This, but I would _NEVER_ do this with a chain. Just asking for a broken nose.

And leaving a catch tie (very short lead rope) on a hard to catch horse is acceptable (as you train obviously) but I'd never leave a long lead unattended)


----------



## Palomine (Oct 30, 2010)

Know of someone that did this with TB short yearling...came down to find horse had gotten all 4 feet tangled up in rope and had died during the night because of thrashing around and panicking so.

And another who found horse with broken leg because got rope caught up.

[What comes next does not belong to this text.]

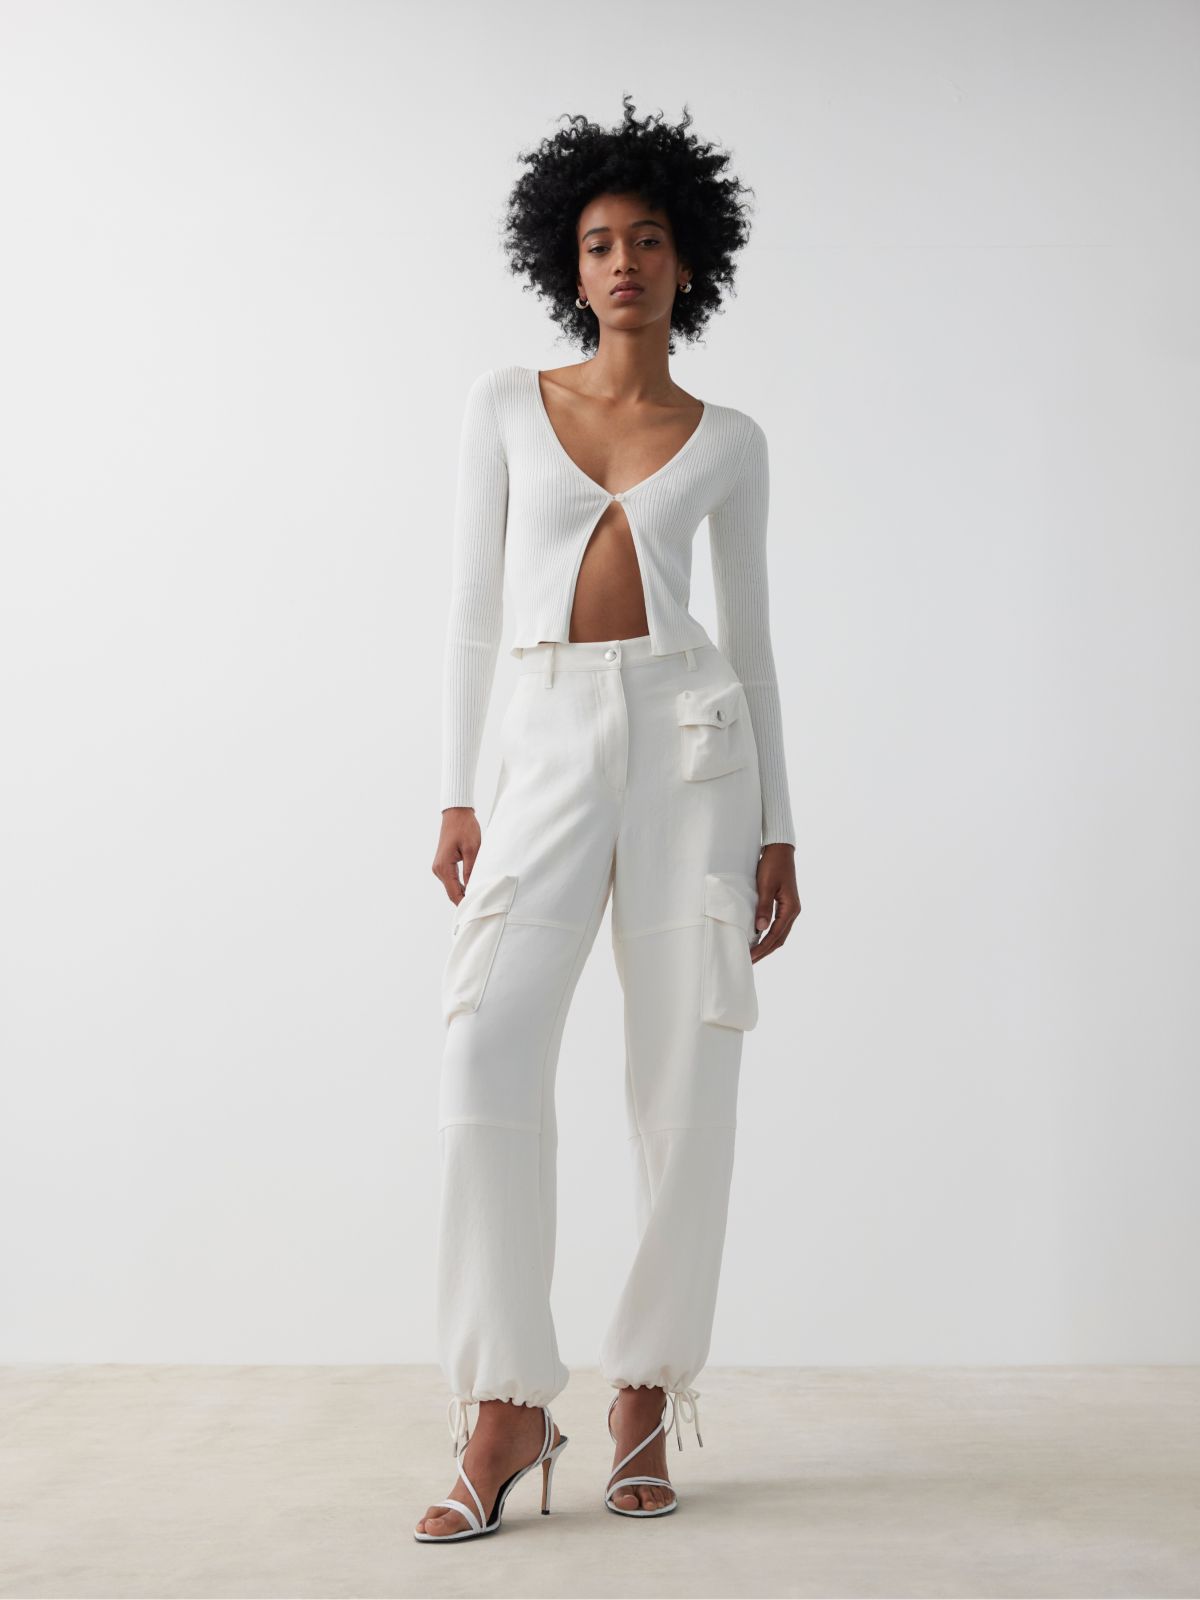 The spring sporty girl outfit every aritzia girl needs - white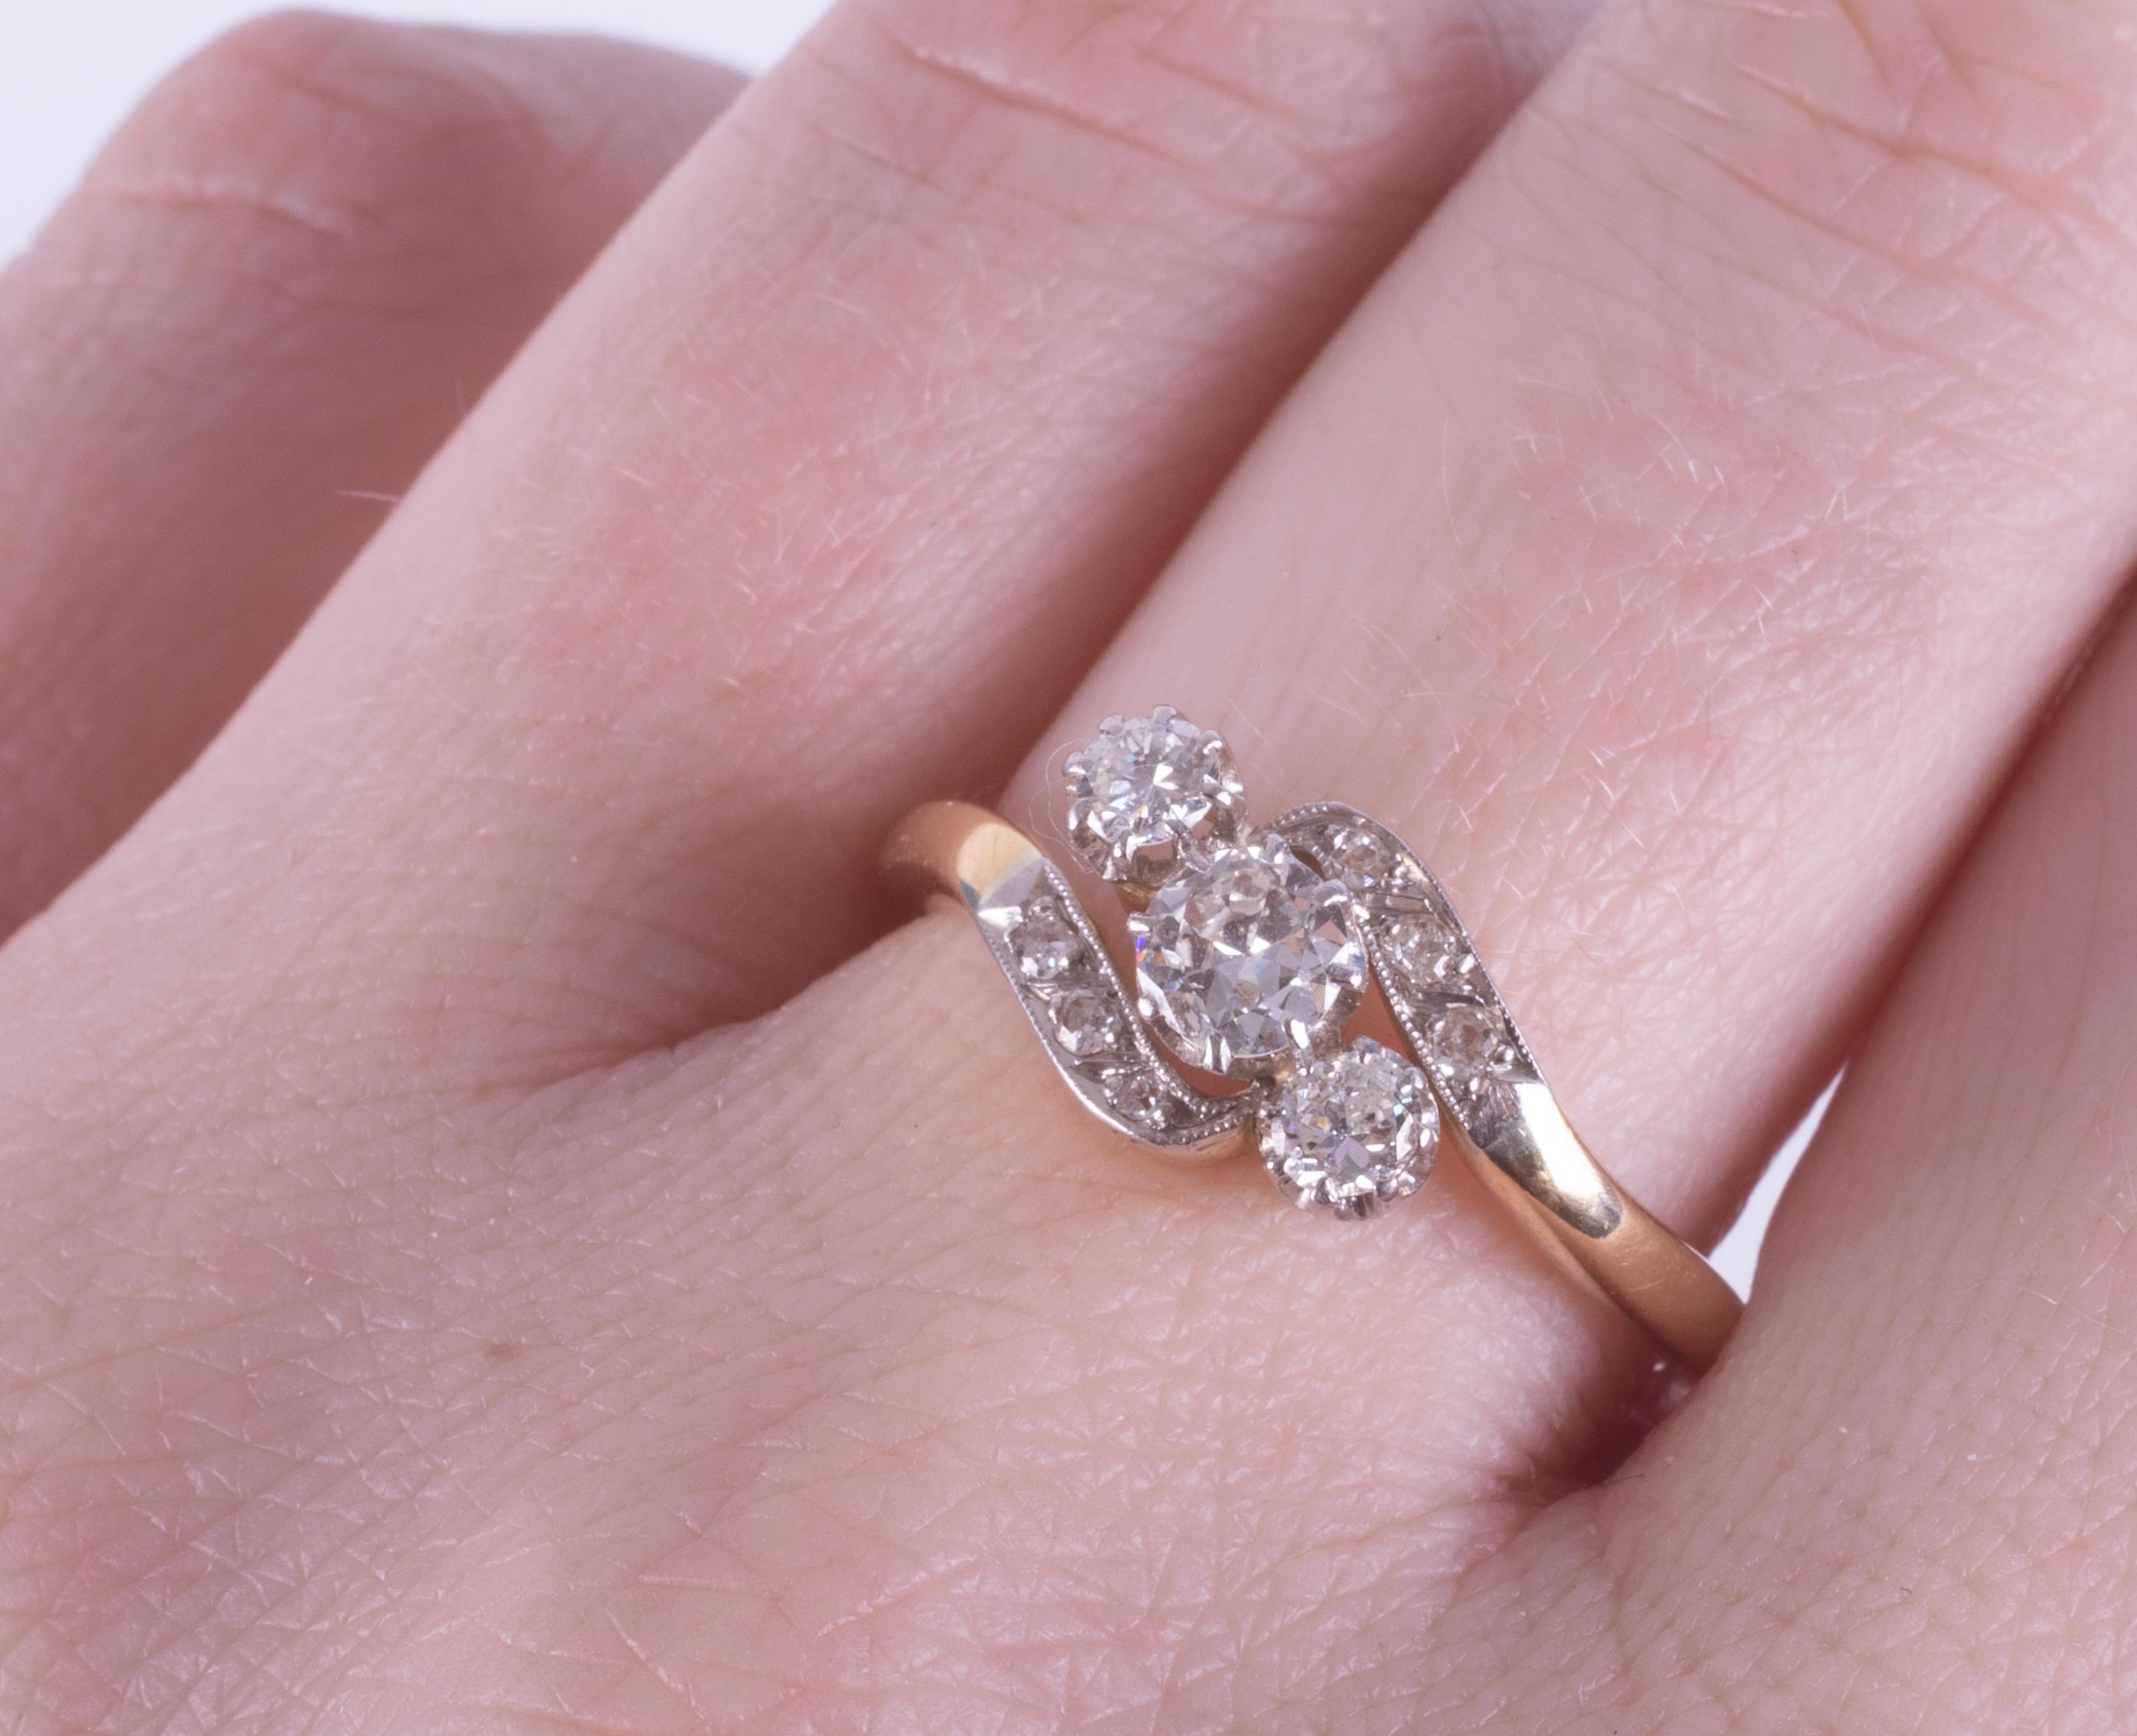 An 18ct yellow gold & platinum crossover style ring set with three round brilliant cut diamonds - Image 2 of 2

Foals tied off to burros or donkeys works to teach them to lead, leaving ropes on will, but better yet is working with them to teach them to lead and not leaving rope dangling.

And chain? Never.


----------



## jamesdean57 (Feb 2, 2013)

We used to leave halters on our horses in the pasture by the house, till one of them got hung up on the fence and cut his throat, it was not serious. But it scared me bad enough that I'll never do it again.


----------



## Chasin Ponies (Dec 25, 2013)

tinyliny said:


> leaving a leadrope on is one thing, leaving a chain on is another.


Agree totally-no harm is done when a horse steps on a lead rope and he actually learns from this. The chain over the nose is overkill and dangerous for the horse-I have run across 2 horses with permanently broken /deformed noses from having been tied up with a chain over the nose.
Even if they don't care about the extreme pain caused to the horse, it's truly an ugly sight and decreases his value.


----------